Part (b) of this problem is worked the same way. Try it on your own. :)

Another use of truth tables is for determining whether a compound proposition is a tautology. A tautology is a compound proposition that is always true. Therefore, the truth table of a tautology will have only T entries in the far right column.

Reasoning through logical equivalences will better help you learn the laws and basic equivalences. Let’s try an example.

Problem 2 is actually asking that you verify that the contrapositive of a conditional statement is equivalent to the original statement. To show that two compound propositions are logically equivalent (without the use of truth tables), we need to show that both sides are true for exactly the same combinations of truth values of the propositional values. Alternately, we can show that both sides are false for the same combinations.
I will call the conditional statement side A (or the left) and the contrapositive side B (or the right). First, we must determine which route we will take, either when side A is true or when it is false. You should recall that a conditional statement is true in every case except the one in which (T -> F), that is, when p is T but q is F.

We have two choices: (1) go through each of the three cases in which A is T and determine if B is also T OR (2) consider the only case in which A is F and see if B is F as well. Obviously, the second option is less work, so let’s do that!

Considering the case when side A is F, we will assume that p is T and q is F. Then notq is T (the opposite of q) and notp is F (the opposite of p). Then side B is the situation where (T -> F), which, as noted earlier, is F. Therefore, side B is F when side A is F. Furthermore, this is the only case where side B is F (as we know from the truth table of a conditional statement). Therefore, side A and B are false for exactly the same set of truth values of p and q, and thus, the two sides are logically equivalent.

There, that wasn’t so hard, was it?

Our final example deals with propositional satisfiability. A compound proposition is satisfiable if there is at least one set of truth values for the propositions that makes it true. This (or these) set(s) of truth values are called the solution to the compound proposition. If the compound proposition is always false (the opposite of a tautology), then it is unsatisfiable.

To determine if the compound proposition is satisfiable, we need to find one set of truth values that make the entire proposition true. If we cannot find such a set, we know the proposition is unsatisfiable. Of course, this can be done with truth tables, but we will use our reasoning this time.

Look across the entire compound proposition. Notice that this long string is made up of three conjunctions (red) of four “pieces” (each section in parentheses can be considered a piece; in green below). A conjunction (or set of conjunctions) is only true if every piece is true.
The first piece is a basic conditional statement.
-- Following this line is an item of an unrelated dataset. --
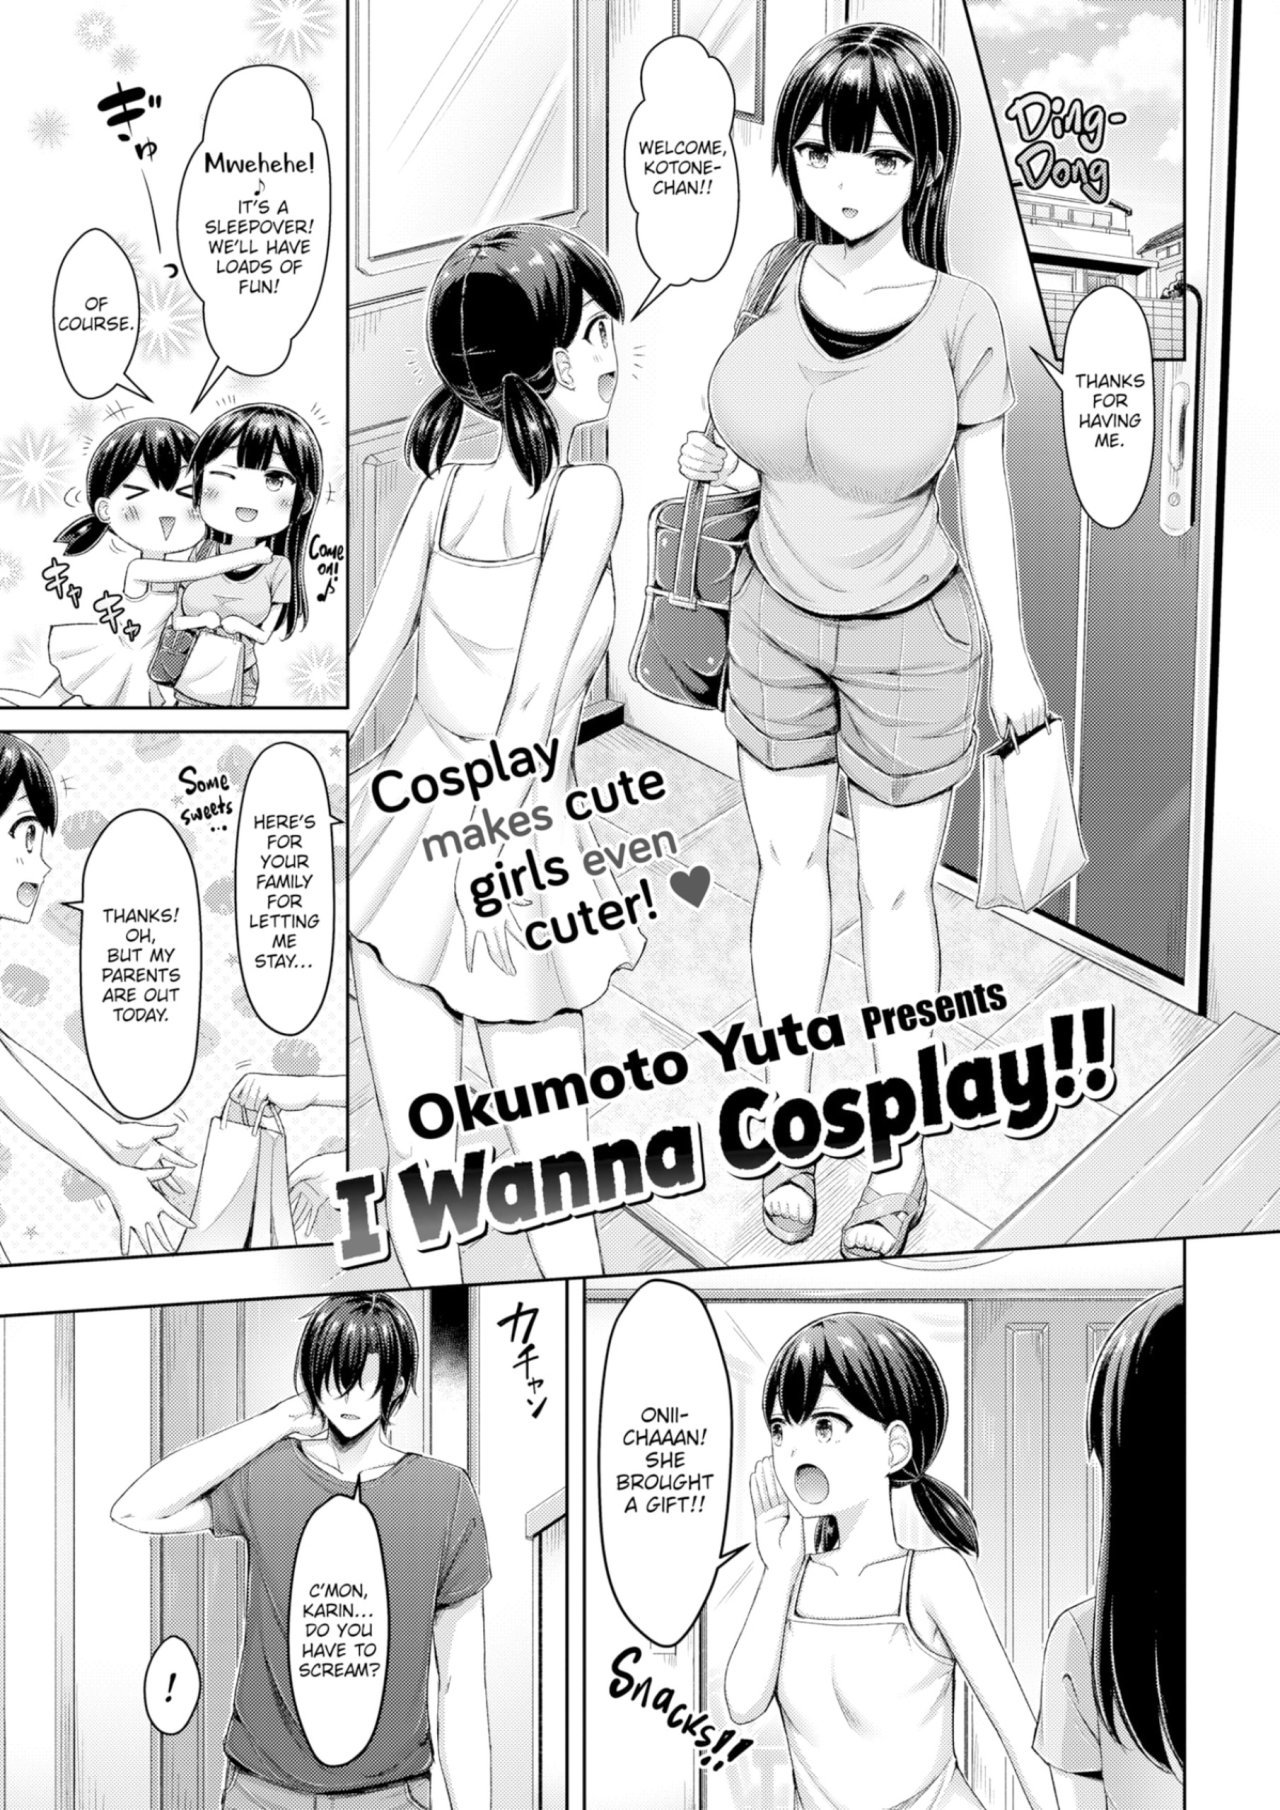 I wanna cosplay!! - 0

It is true in three cases as noted below. Keeping these three cases in mind, we will look at each individually. First, we will assume the truth values of that case. Then, we will systematically go through each of the pieces to determine if they are also true in that case. Once we get to a false “piece,” we can discard that case and move to the next, beginning again with the piece on the left.

We begin by assuming the case truth values. In case (1), that is the case where both p and q are true. The second “piece” contains notq, which would be false (the opposite of q). That makes the second piece entirely false. At this point, we do not need to check the other two “pieces.” With conjunctions, one false “piece” makes the entire thing false.

Now we move on to case (2), below, where p is F and q is T. We must again check the second “piece,” in green, which we find to be true this time. So now we go on to the next “piece,” in blue. Since p is assumed F, notp is T, and thus the third “piece” is true as well. Now the final “piece,” in orange below: we have determined that notp is T and notq is F. This makes the final piece false. That spoils the entire case, and we can mark it off.

We follow the same procedure for the third case. We again return to the “beginning” of the compound proposition and work our way across, piece by piece. This time, the third “piece” fails us. And since every case that makes the first “piece” true does not make every other “piece” true, we have determined there is no set of truth values that will make this entire compound proposition true. Therefore, it is unsatisfiable. To check your work, you can use a truth table.

That’s all for this installment of Math Rescue. I hope you learned something and will continue to return for more helpful posts! Leave a comment below with any topic suggestions, questions, or feedback. Thanks for reading!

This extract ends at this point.